- Data shown:
======
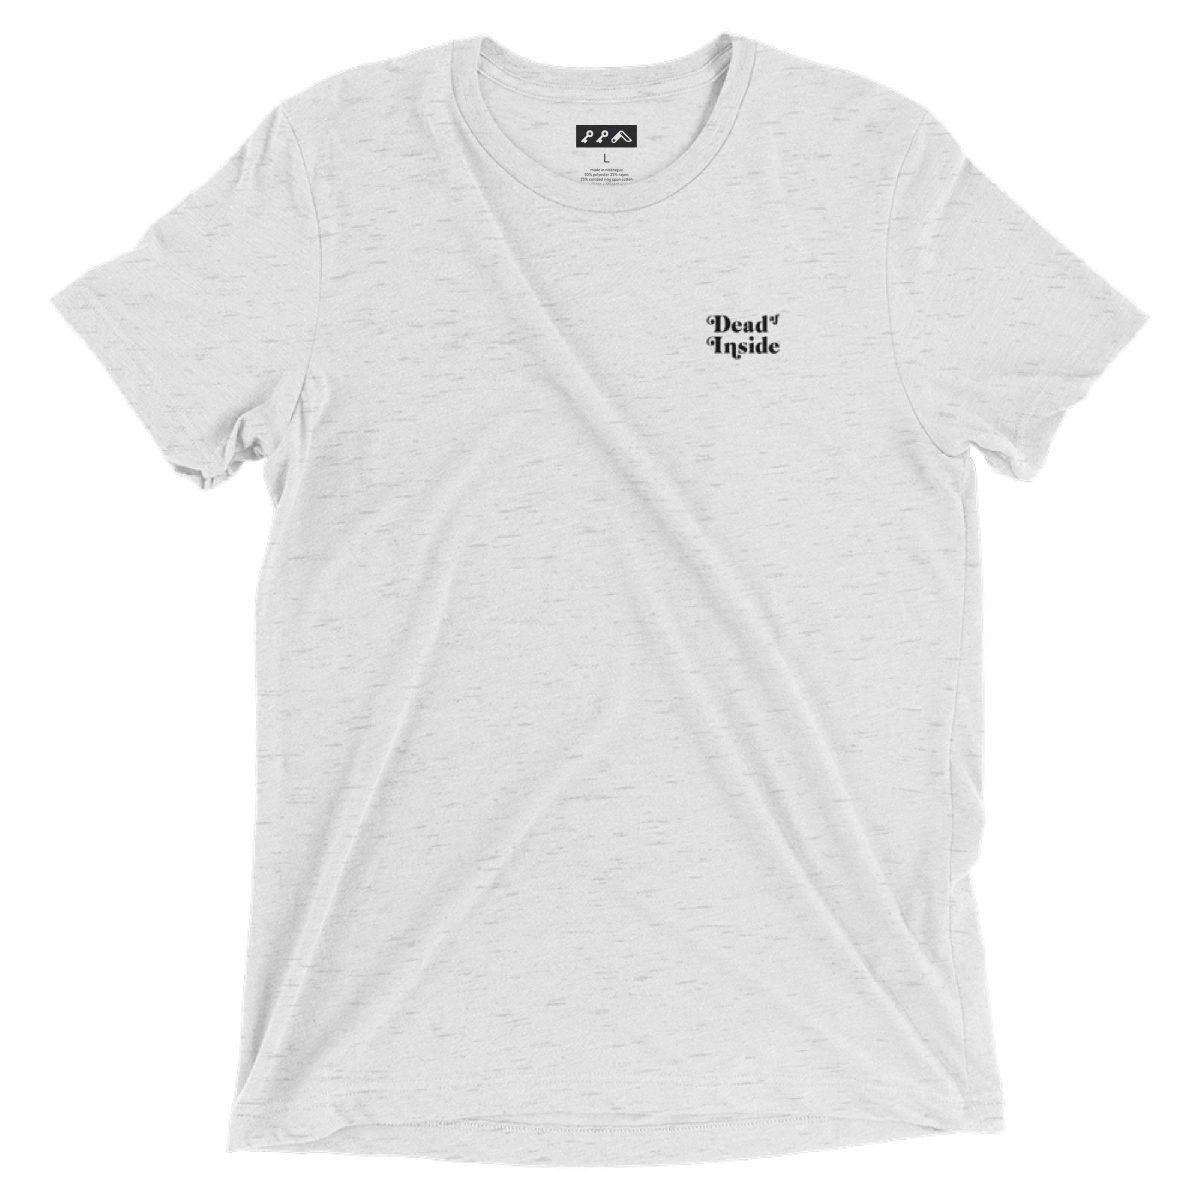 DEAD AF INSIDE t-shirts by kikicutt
======
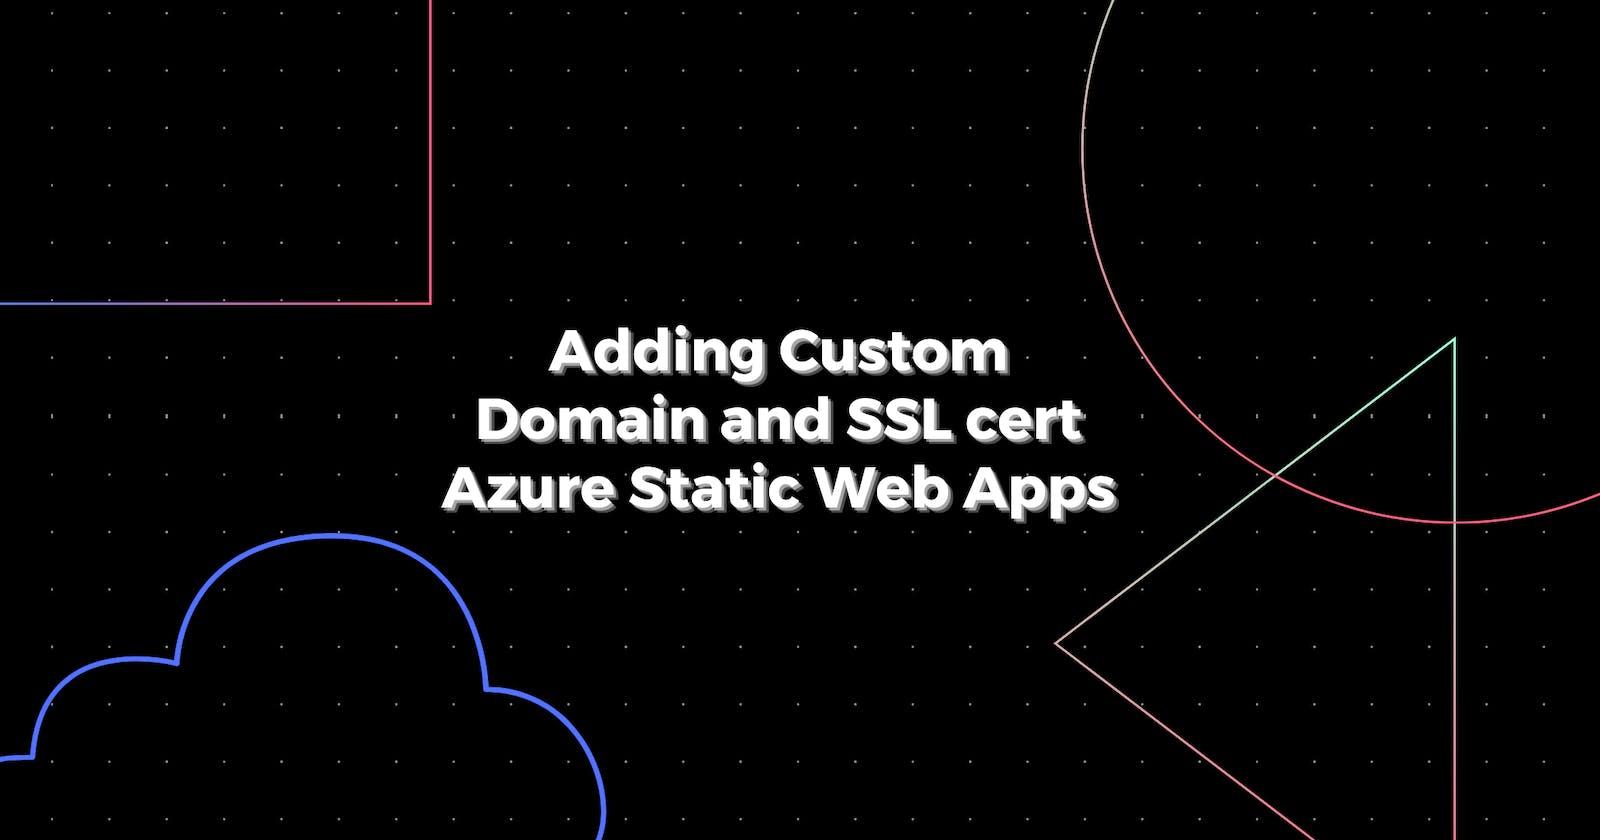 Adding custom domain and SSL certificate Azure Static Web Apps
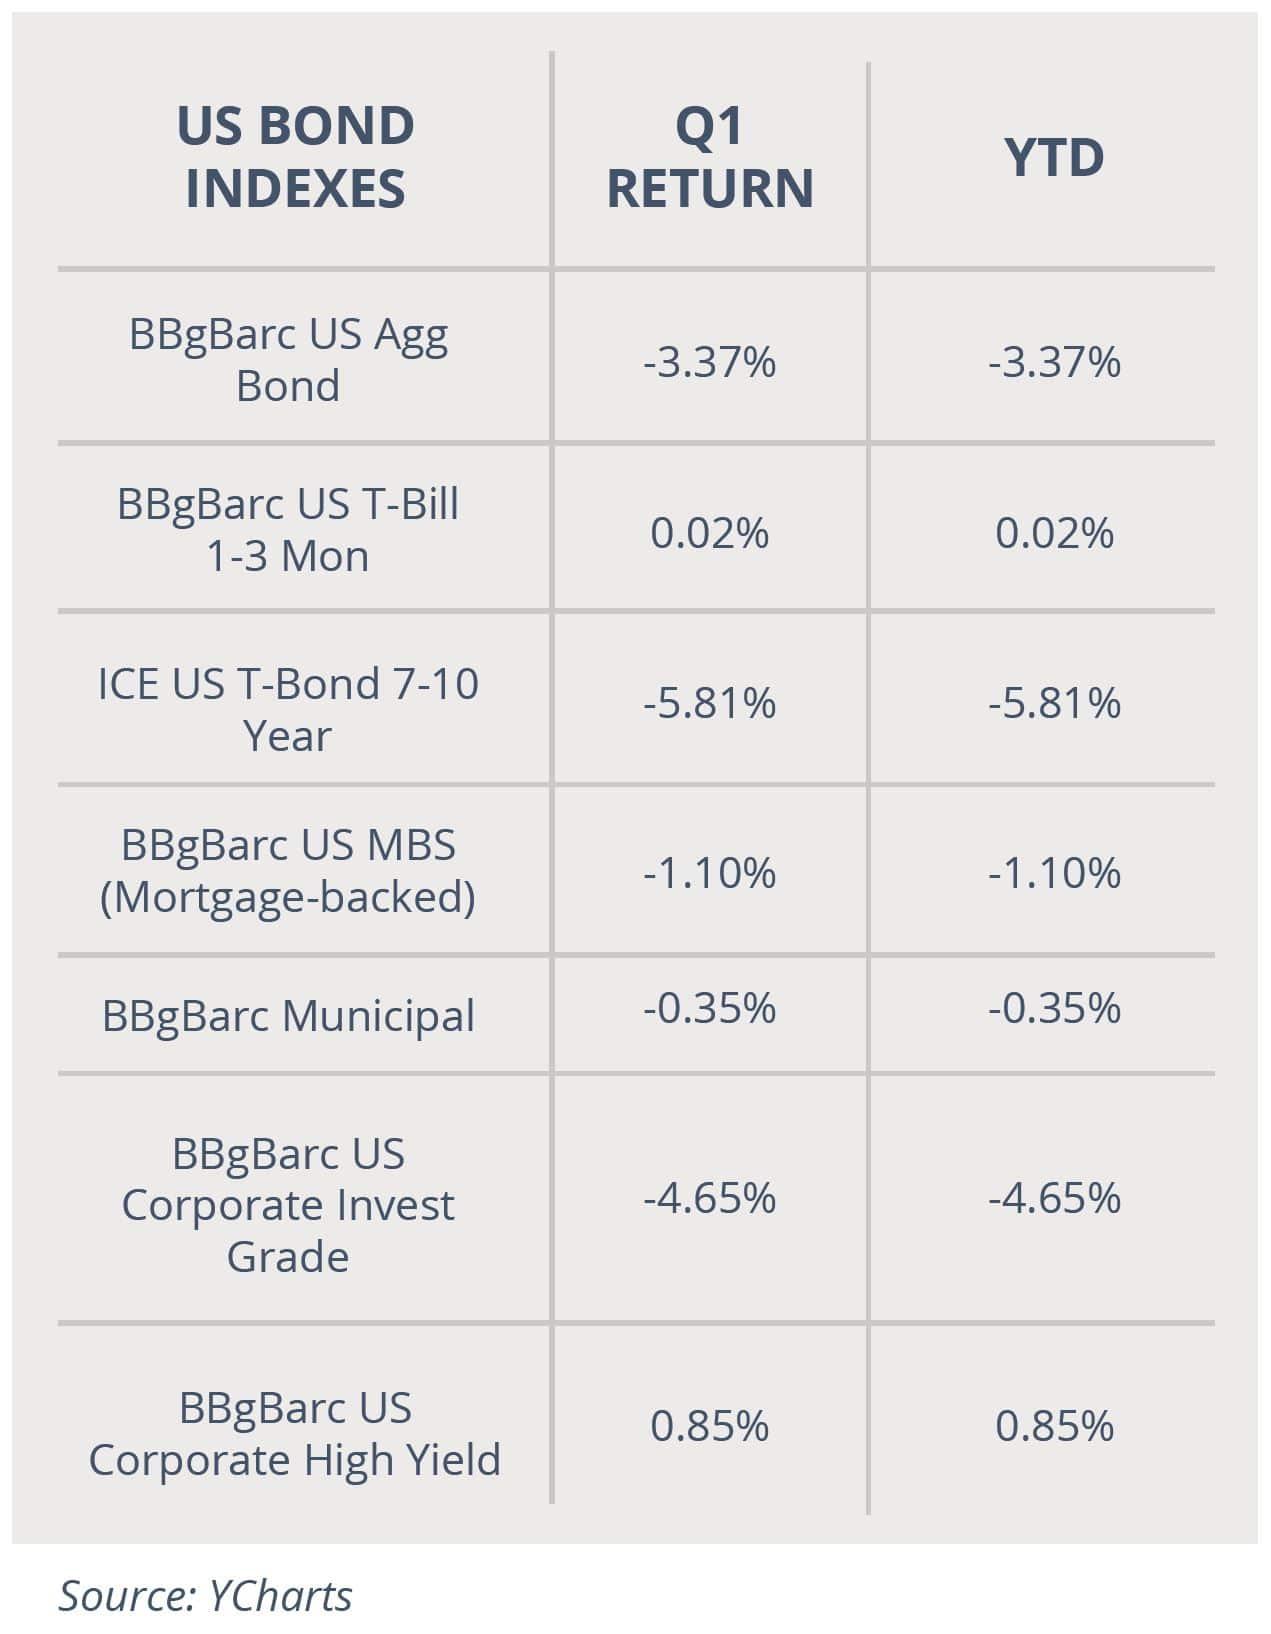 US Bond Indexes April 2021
======
Only the lines of the listing above from the one with "Adding custom domain" through the one with "US Bond Indexes April 2021" should be output, exactly, with both ends kept and pictures left out.

- Problem solution:
 Adding custom domain and SSL certificate Azure Static Web Apps
 US Bond Indexes April 2021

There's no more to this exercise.